Saturday, 27 September 2008

The Three Peaks

25 miles and 5,000ft of climb in 12 hours? Hmmmm...


The start and (left) the finish. In about 12 hours we can have a pint...

I had been meaning to do the Yorkshire Three Peaks for years - and I mean years. I'd done two in a day several times in varying combinations but never the Full Monty. I always seemed to have the fitness but not the time, or the time but not the fitness. All in all it was a study in procrastination, and when the late opportunity of some September leave presented itself, which would be only a mere three weeks after completing Hadrian's Wall (which would be a good - though not ideal - training exercise), I grabbed it. It was now or never... Saturday, 20th September 2008 would be the day.

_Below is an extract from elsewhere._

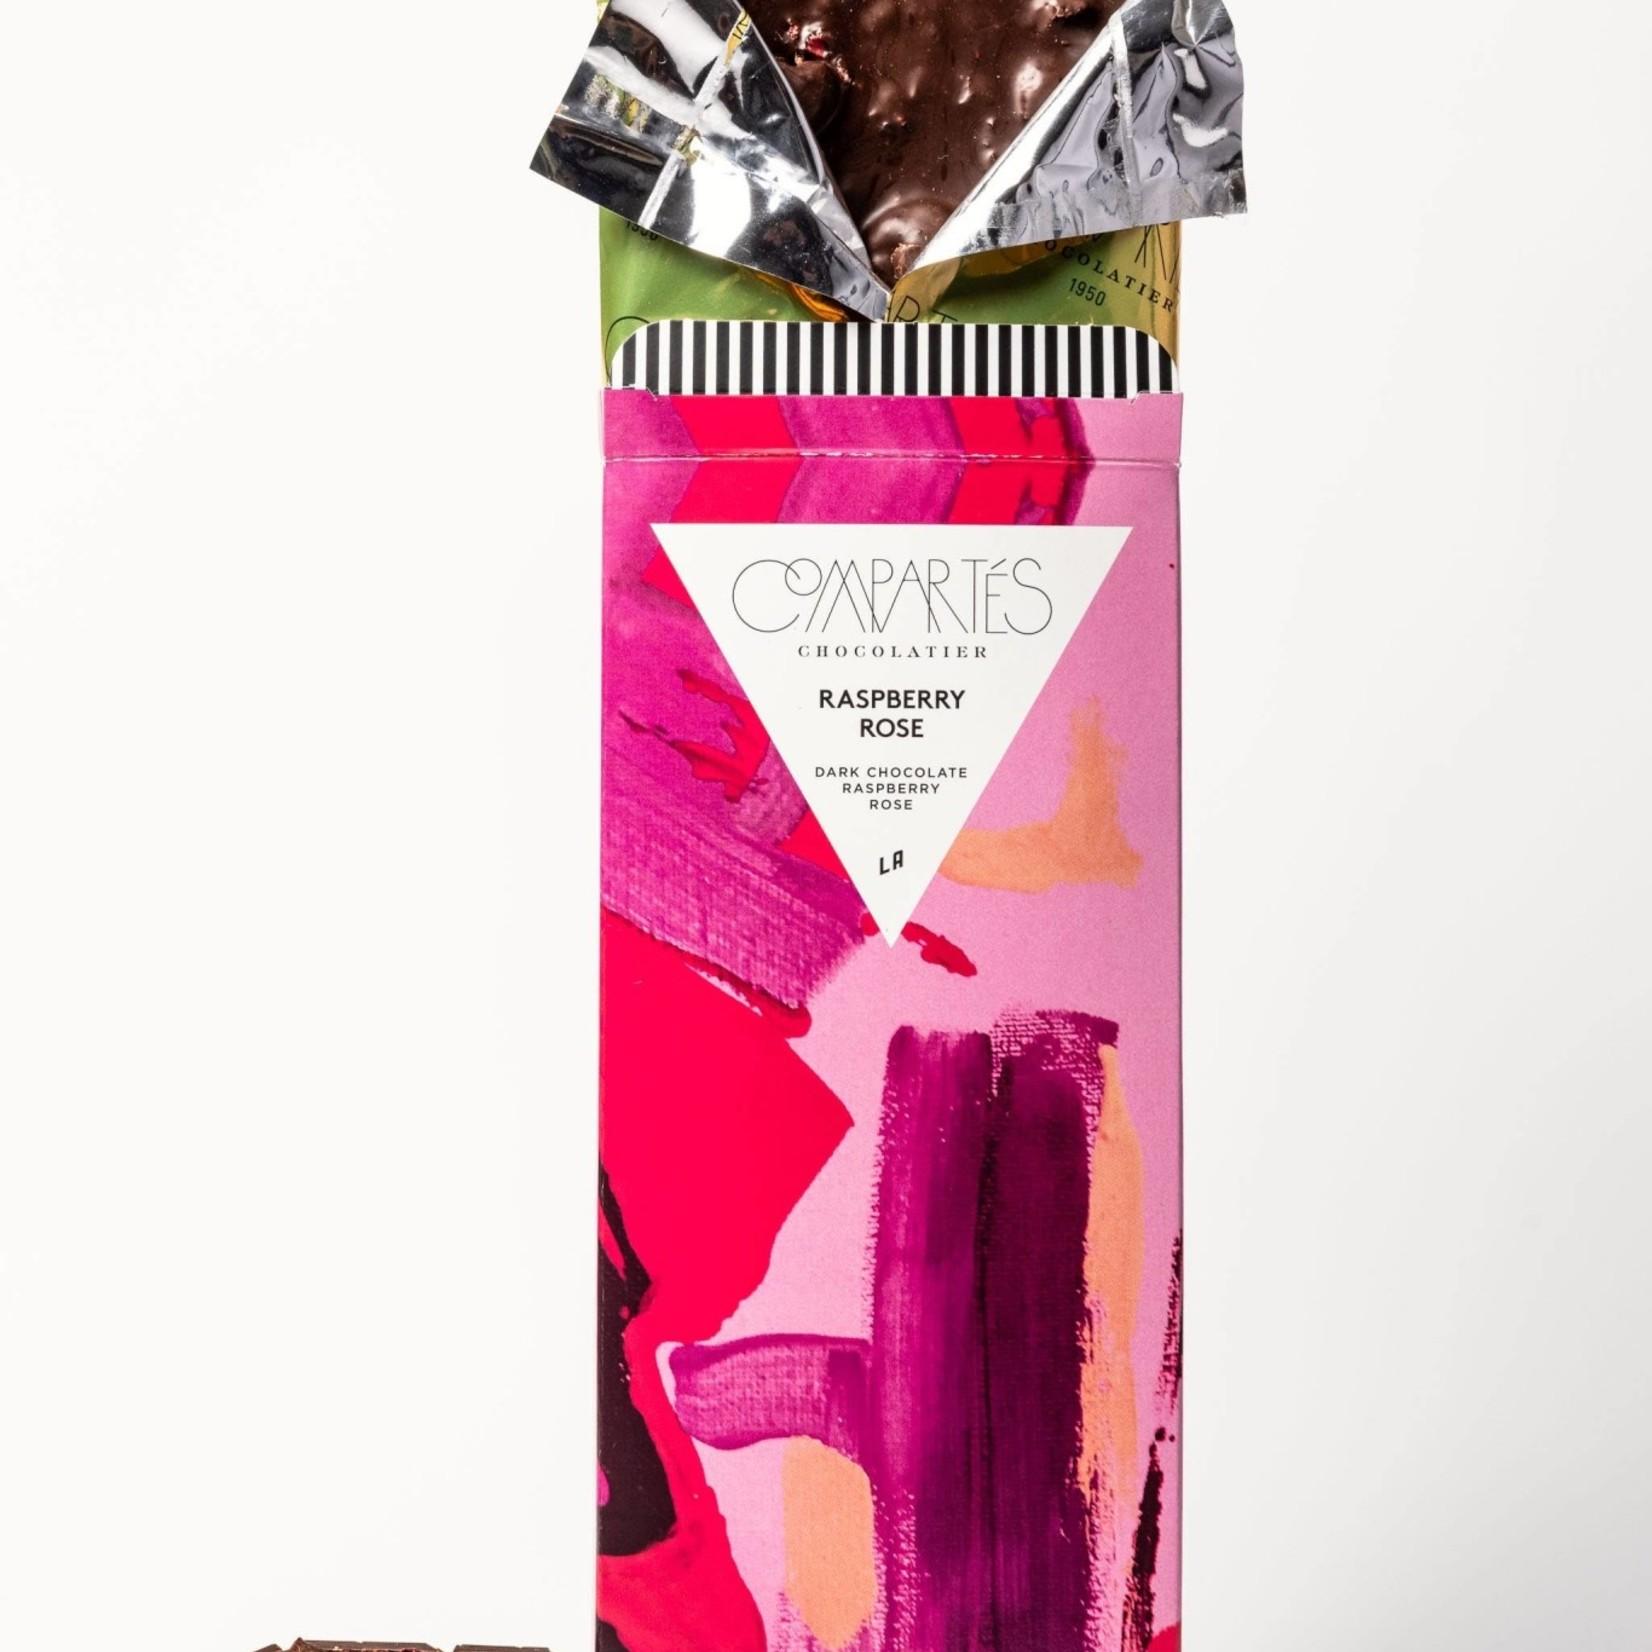 Compartes Chocolate Compartes Chocolate Raspberry Rose Gourmet Dark Chocolate Bar
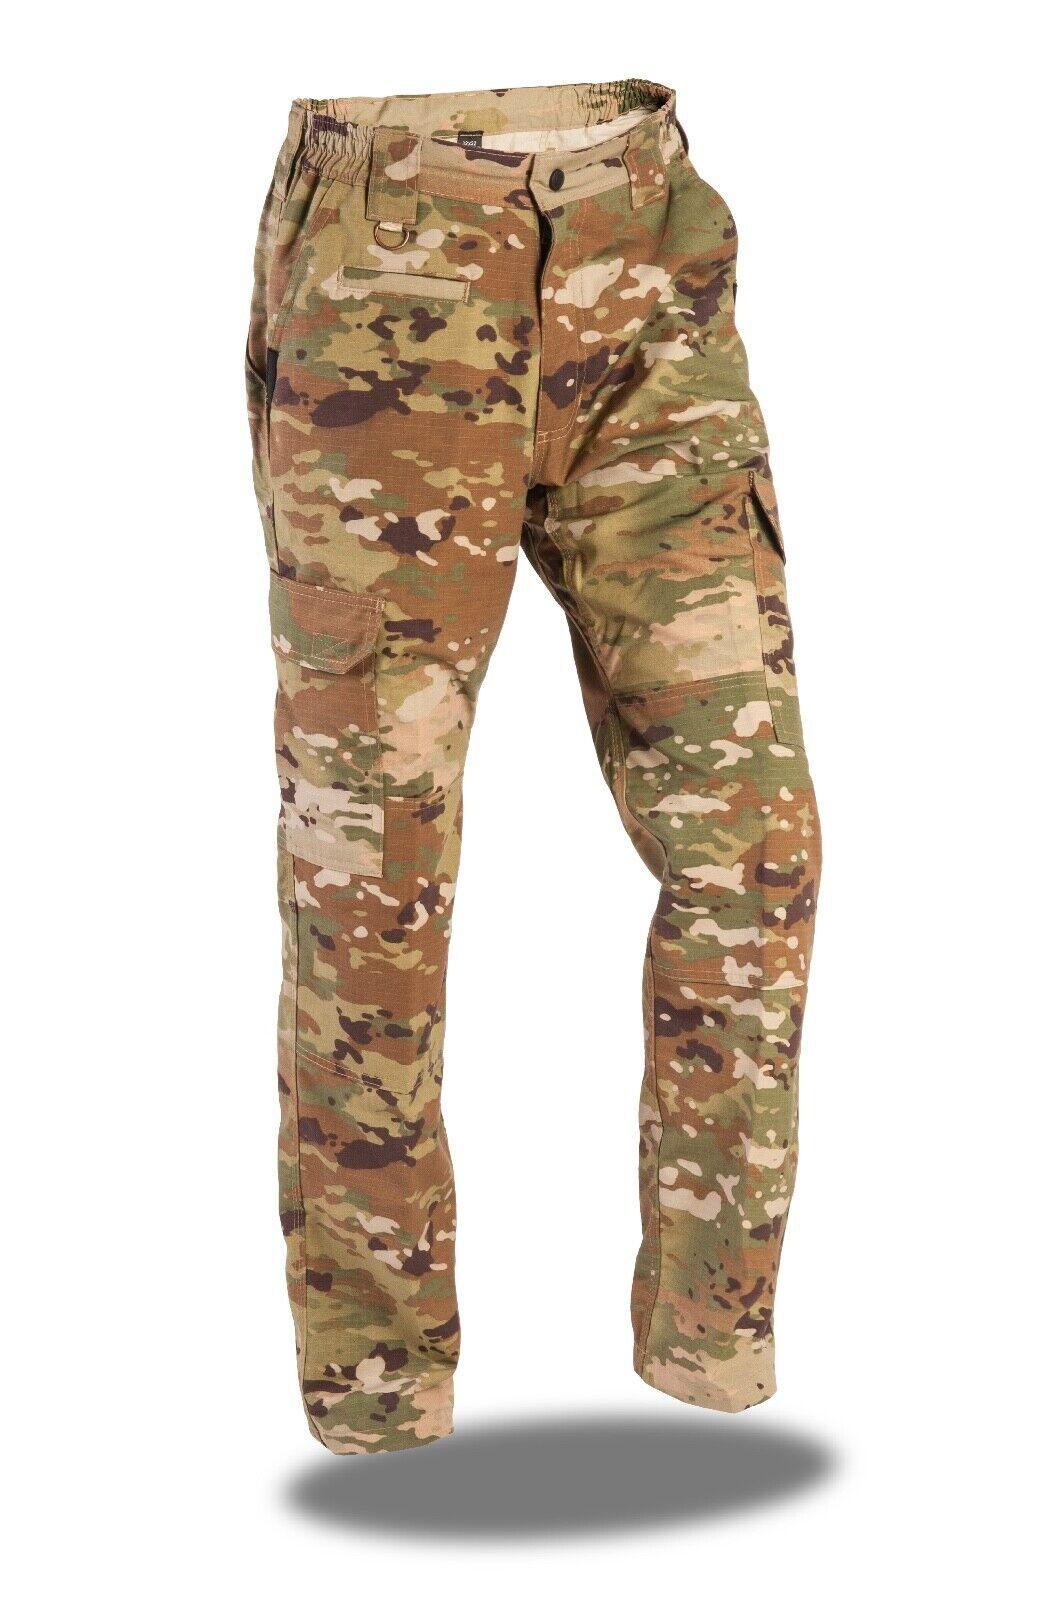 1651 Herren Scorpion Ocp Camo Armee Combat Tactical Duty Uniform Hose

Danny and I had spent the previous Wednesday warming up with a low-level 10-mile walk around Clapham and Austwick, then on the Thursday meeting with Phil in Settle we did a 14-mile walk to Malham and back. Friday would be a rest day of sorts, but there was something that we needed to do in the morning first. I was familiar with most of the route, apart from the section between Pen-Y-Gent and Ribblehead. This is one of the trickiest parts of the route because of Black Dub Moss, a notorious peat bog stretching for nearly two miles towards High Birkwith and firmer ground.


St Oswald's church, Horton-In-Ribblesdale


Crossing it would be a tiring, slow and foot-wetting experience at the end of a normal summer, but after almost two months of near-perpetual rain it promised to be even worse. We, however, had a cunning plan...more of which later.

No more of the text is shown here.